# Work request
Repeat the listing exactly. The images do not belong in the copy.

# Data
==========

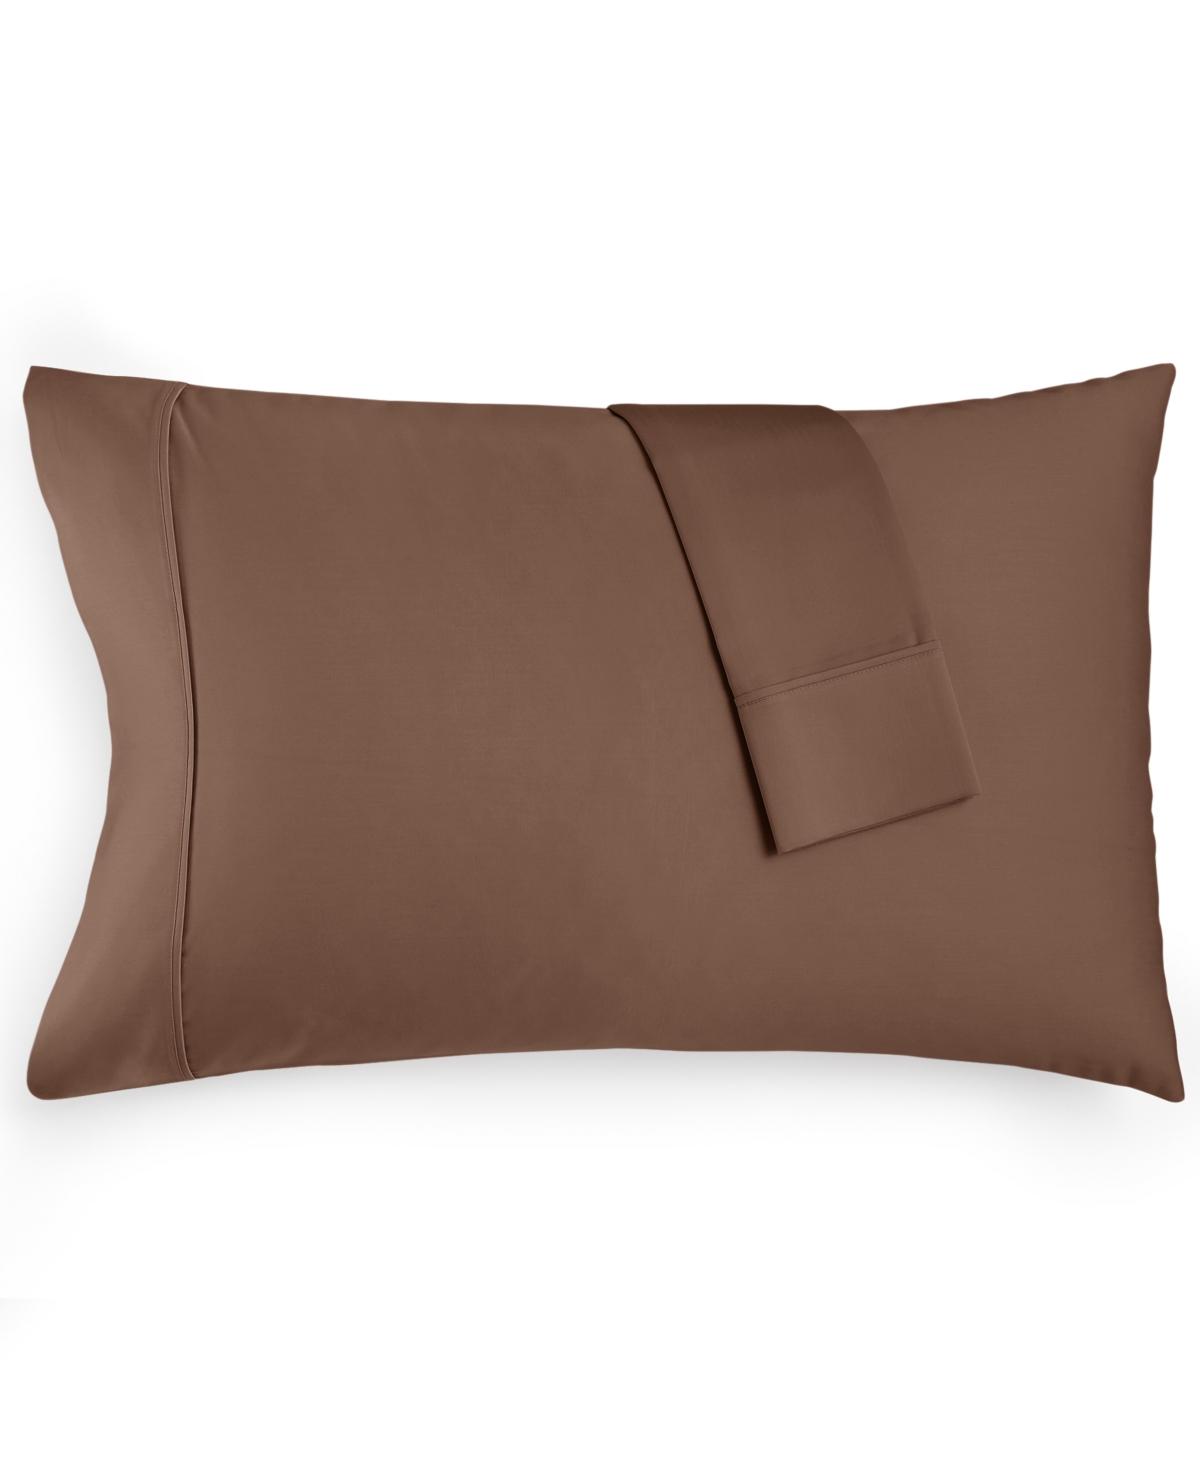 Shop Aq Textiles Bergen House 100% Certified Egyptian Cotton 1000 Thread Count Pillowcase, Standard In Brown
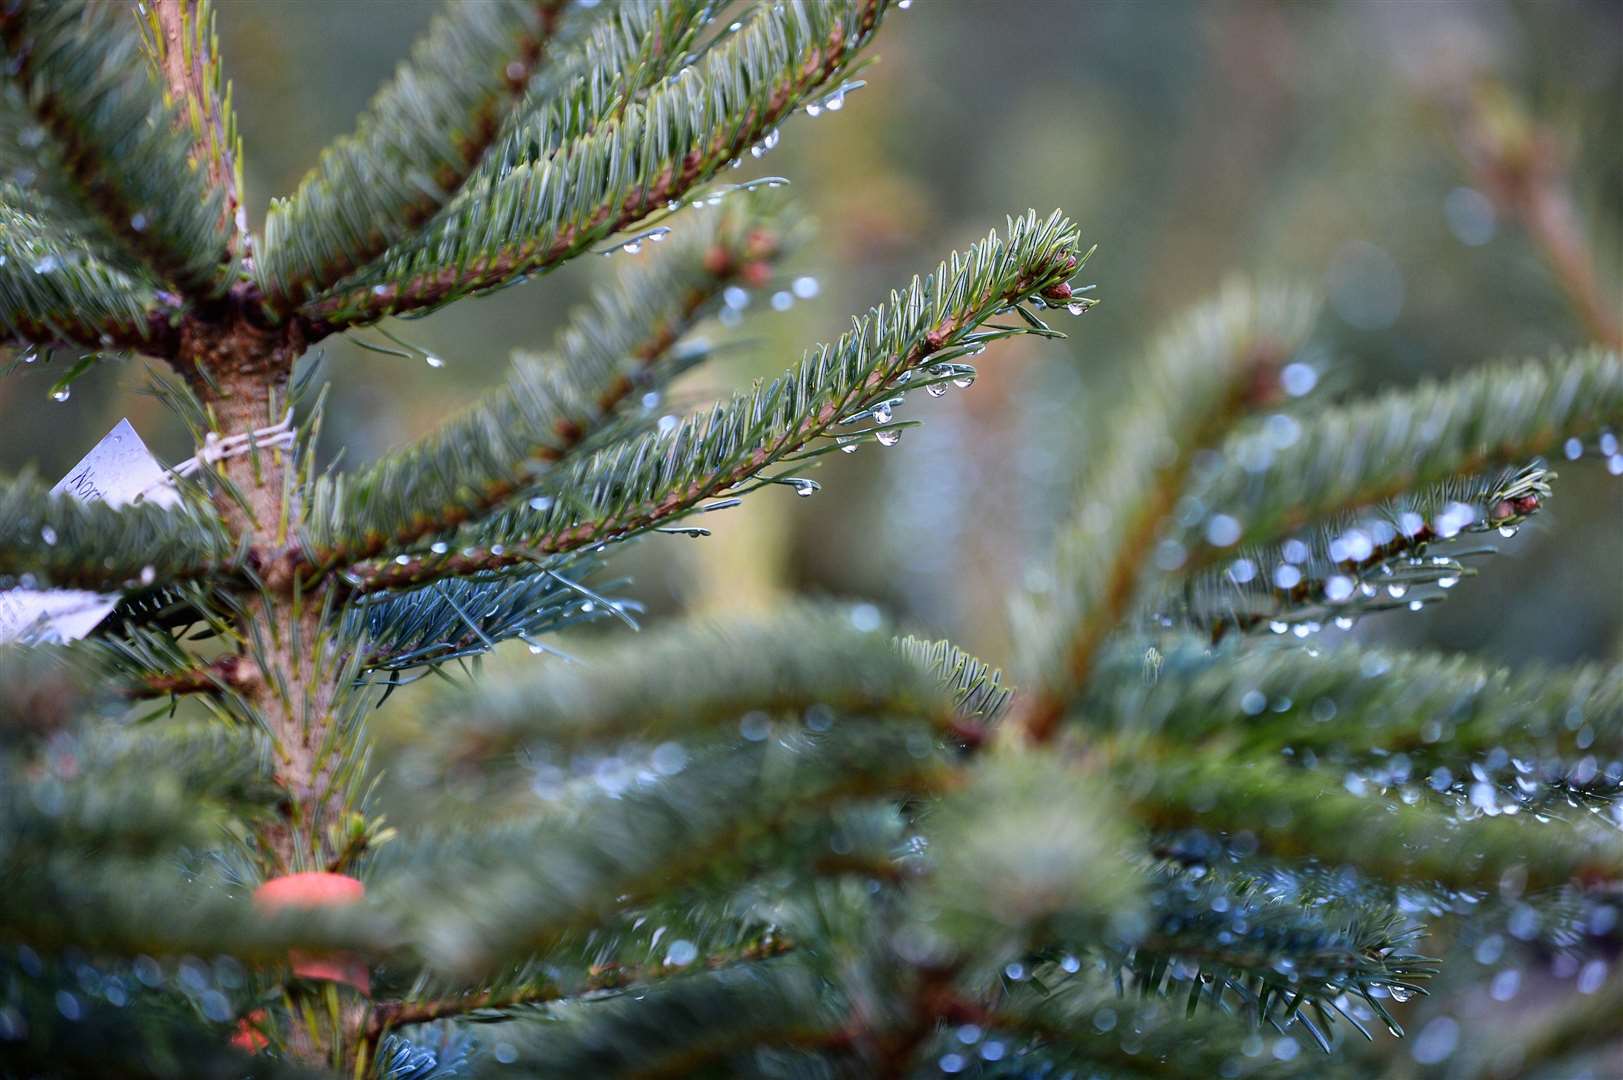 Around seven million real Christmas trees are sold each year
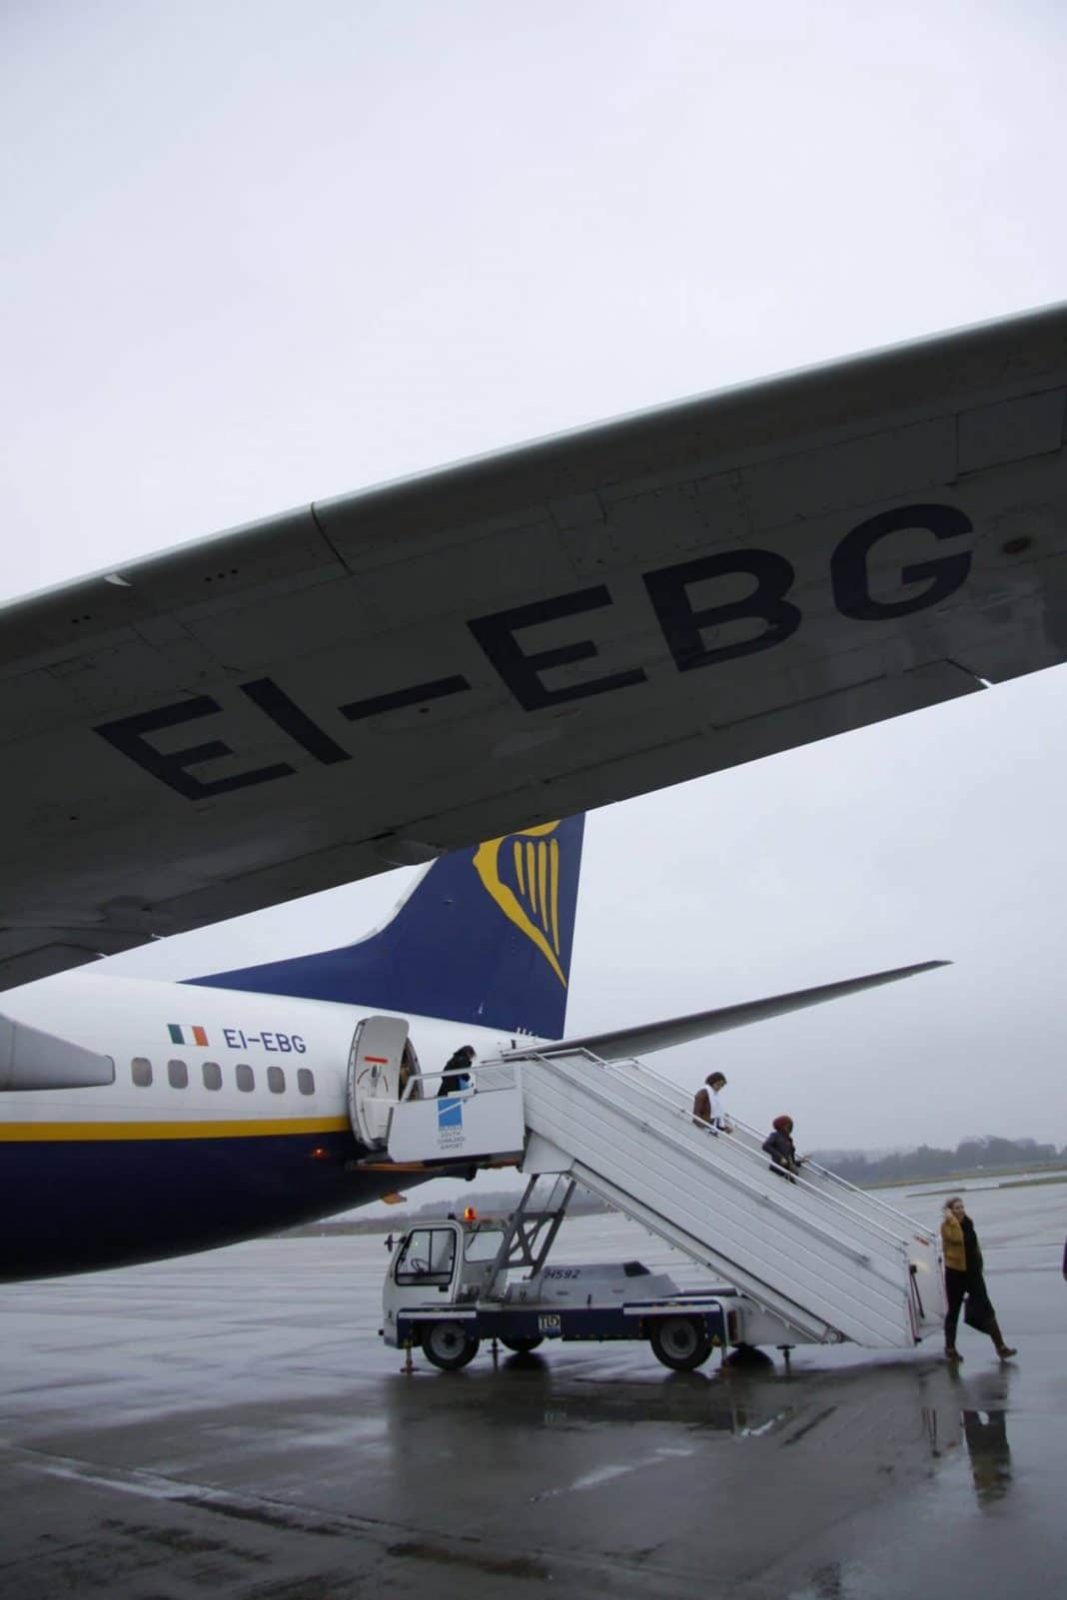 Ryanair aircraft seized at Bordeaux Airport; authorities seized the aircraft over unpaid debts

==========

# Response
 Shop Aq Textiles Bergen House 100% Certified Egyptian Cotton 1000 Thread Count Pillowcase, Standard In Brown
 Around seven million real Christmas trees are sold each year
 Ryanair aircraft seized at Bordeaux Airport; authorities seized the aircraft over unpaid debts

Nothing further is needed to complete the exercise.